Dalam arus peradaban modern yang sering kali dicirikan oleh perebutan status dan kekayaan materi, terdapat salah satu dosa besar yang sering kali terlewatkan dalam diskusi-diskusi keagamaan: yaitu meninggalkan keluarga dalam kebodohan tentang ajaran agama. Rasulullah SAW dalam hadits yang diriwayatkan dalam kitab Ihya' Ulumiddin memberikan peringatan keras,
" "
"Tidaklah seseorang menghadap Allah dengan membawa dosa yang lebih besar dari kebodohan keluarganya terhadap agama." (Imam Ghazali dalam Ihya' Ulum al-Din Juz 2 hal. 33)
Pernyataan ini menggarisbawahi pentingnya pendidikan agama dalam struktur keluarga dan masyarakat.

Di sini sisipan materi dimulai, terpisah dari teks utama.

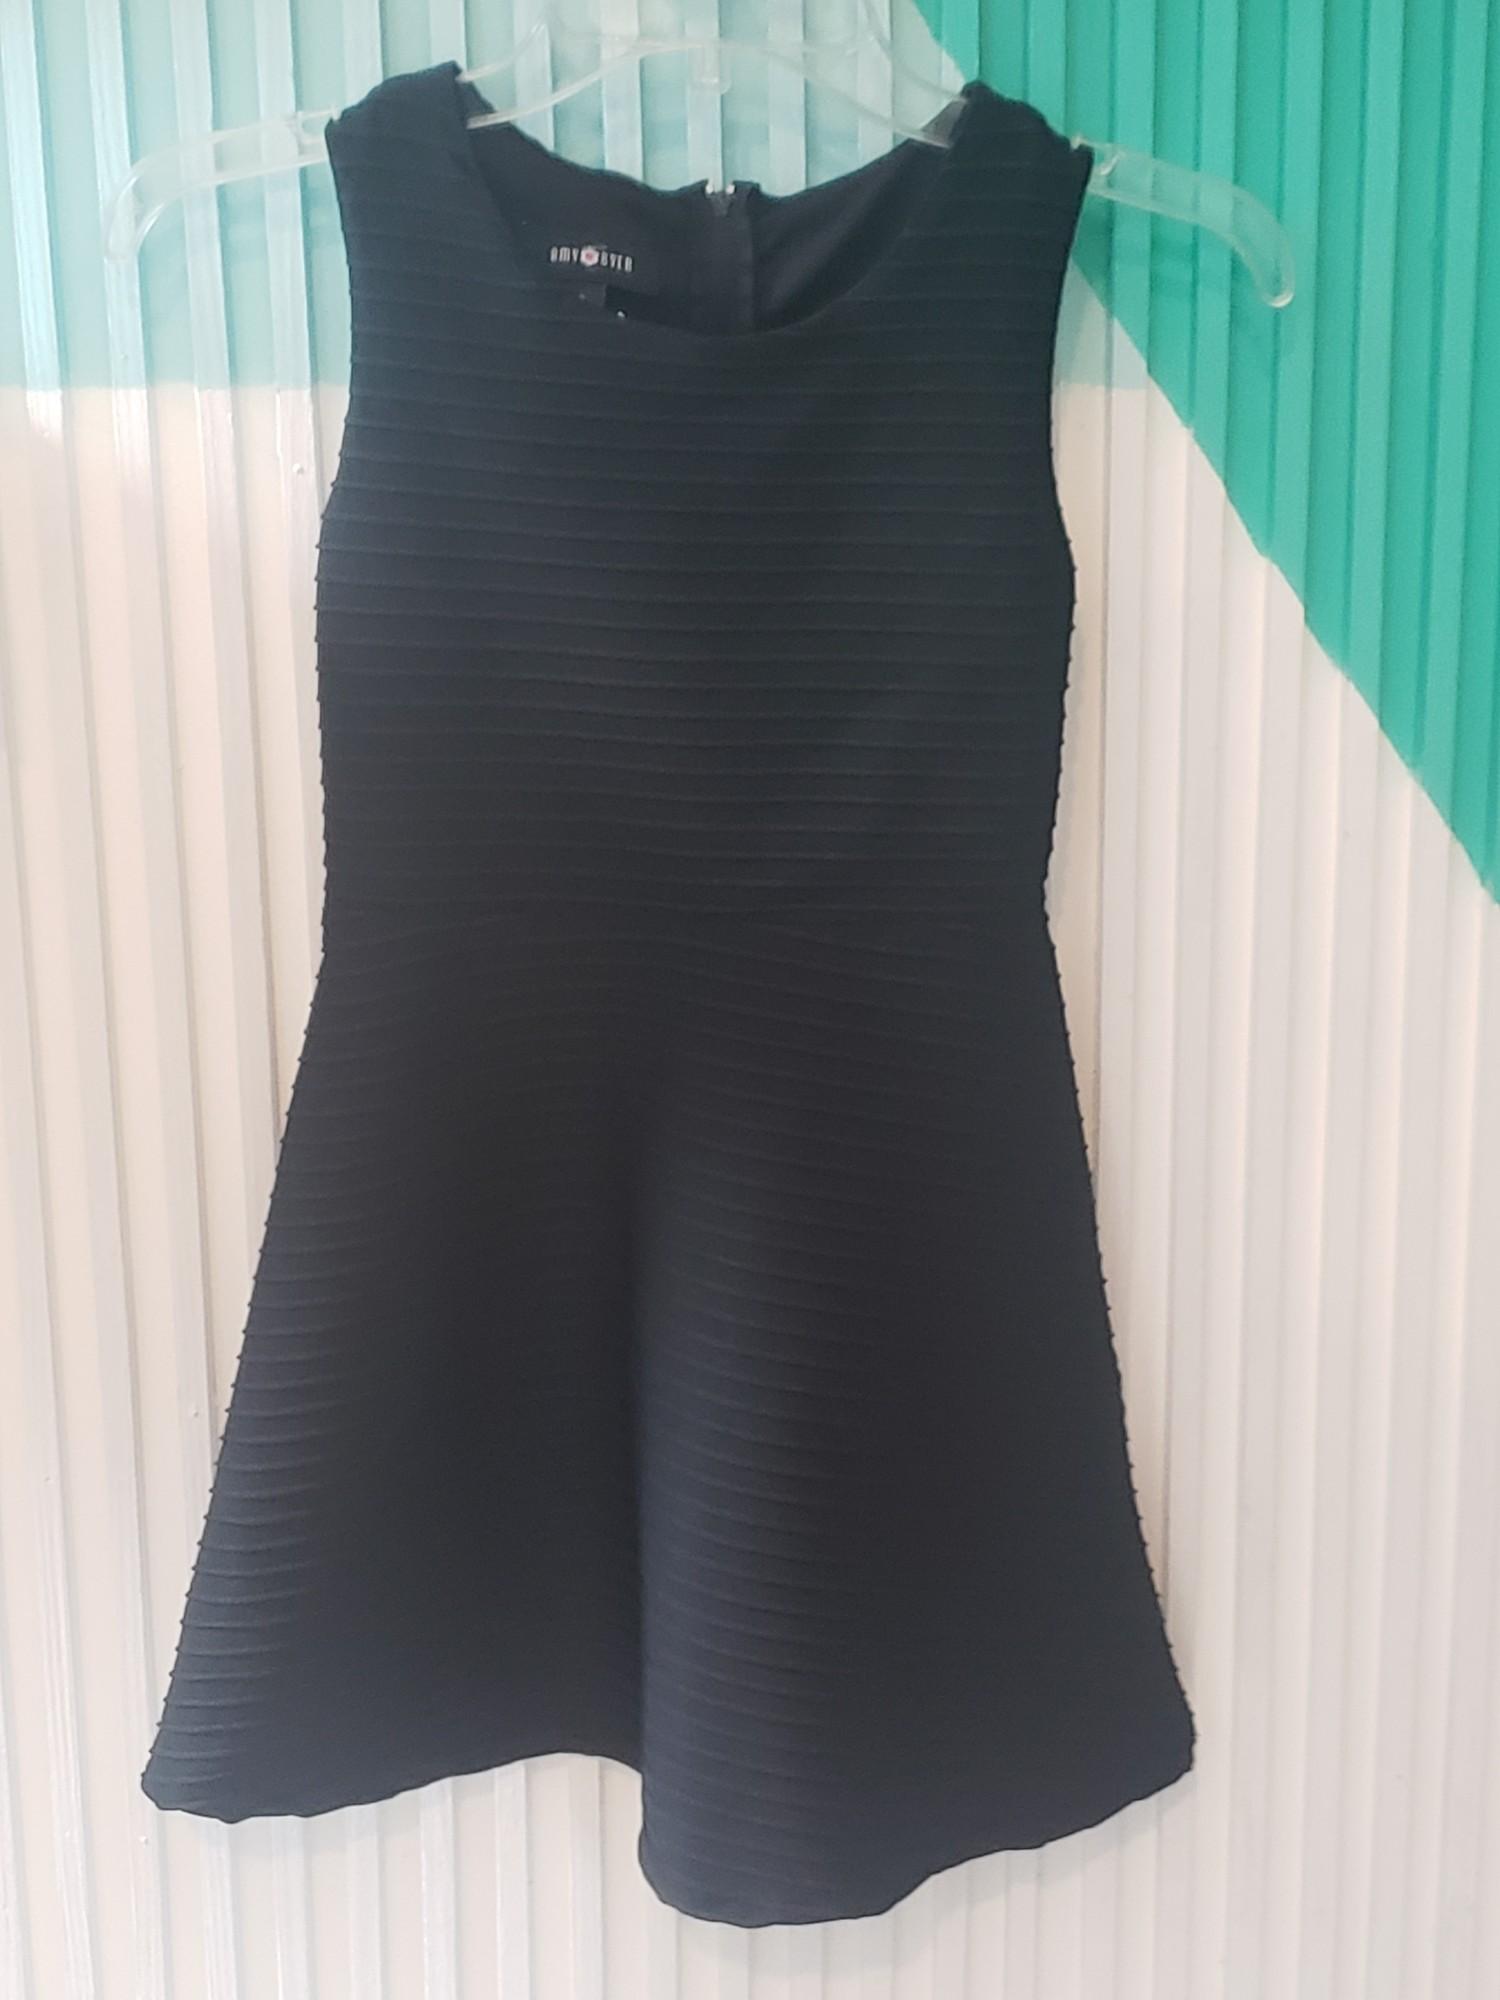 Amy Byer Dress, Black, Size: 8

Pendidikan Agama sebagai Prioritas yang Terabaikan
Dalam masyarakat modern yang serba cepat, pendidikan agama sering kali kalah prioritas dibandingkan dengan pendidikan sekuler yang dianggap lebih mampu mengamankan posisi ekonomi yang lebih baik.

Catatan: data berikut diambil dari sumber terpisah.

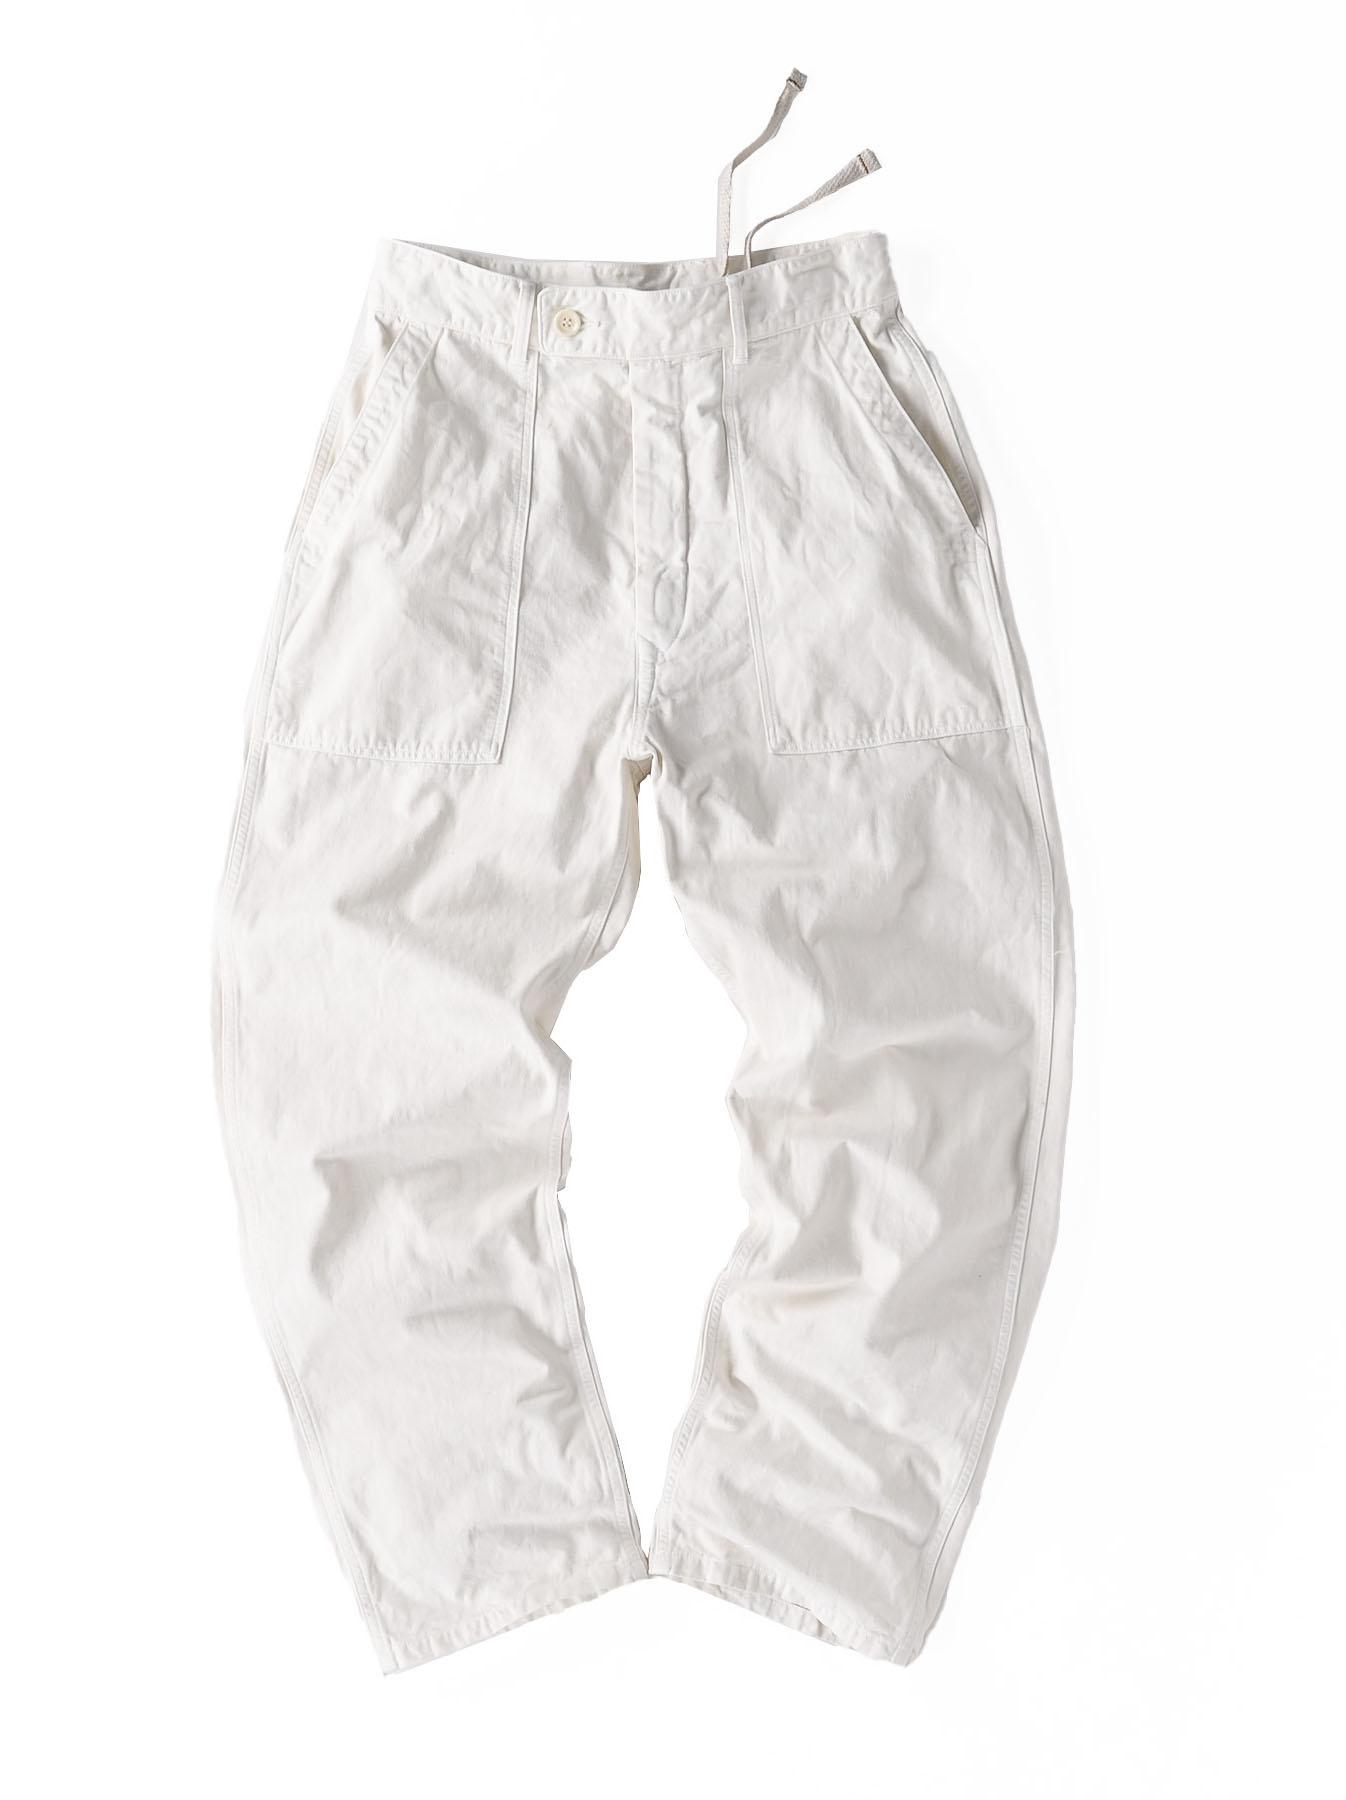 Yacht Cotton White 908 Baker Pants (0521)-1

Penelitian yang dilakukan oleh Pew Research Center pada tahun 2020 menunjukkan bahwa di banyak negara mayoritas Muslim, ada kecenderungan peningkatan pemisahan pendidikan agama dari kurikulum sekolah umum, seiring dengan adopsi model pendidikan Barat yang lebih sekuler.
Hal ini mencerminkan sebuah dilema global di mana penekanan pada capaian akademik dan karier profesional mungkin telah mengorbankan pemahaman mendalam tentang nilai-nilai keagamaan.
Kehilangan Esensi Warisan Para Nabi
Para Nabi, sebagai pembawa risalah Ilahi, tidak meninggalkan harta duniawi melainkan ilmu sebagai warisan abadi sepanjang zaman. Hadits Rasulullah menyatakan,
"Sesungguhnya para Nabi tidak mewariskan dinar dan dirham, sesungguhnya mereka hanyalah mewariskan ilmu, maka barangsiapa yang telah mengambilnya, maka ia telah mengambil bagian yang banyak." (HR Abu Dawud dan At-Tirmidzi)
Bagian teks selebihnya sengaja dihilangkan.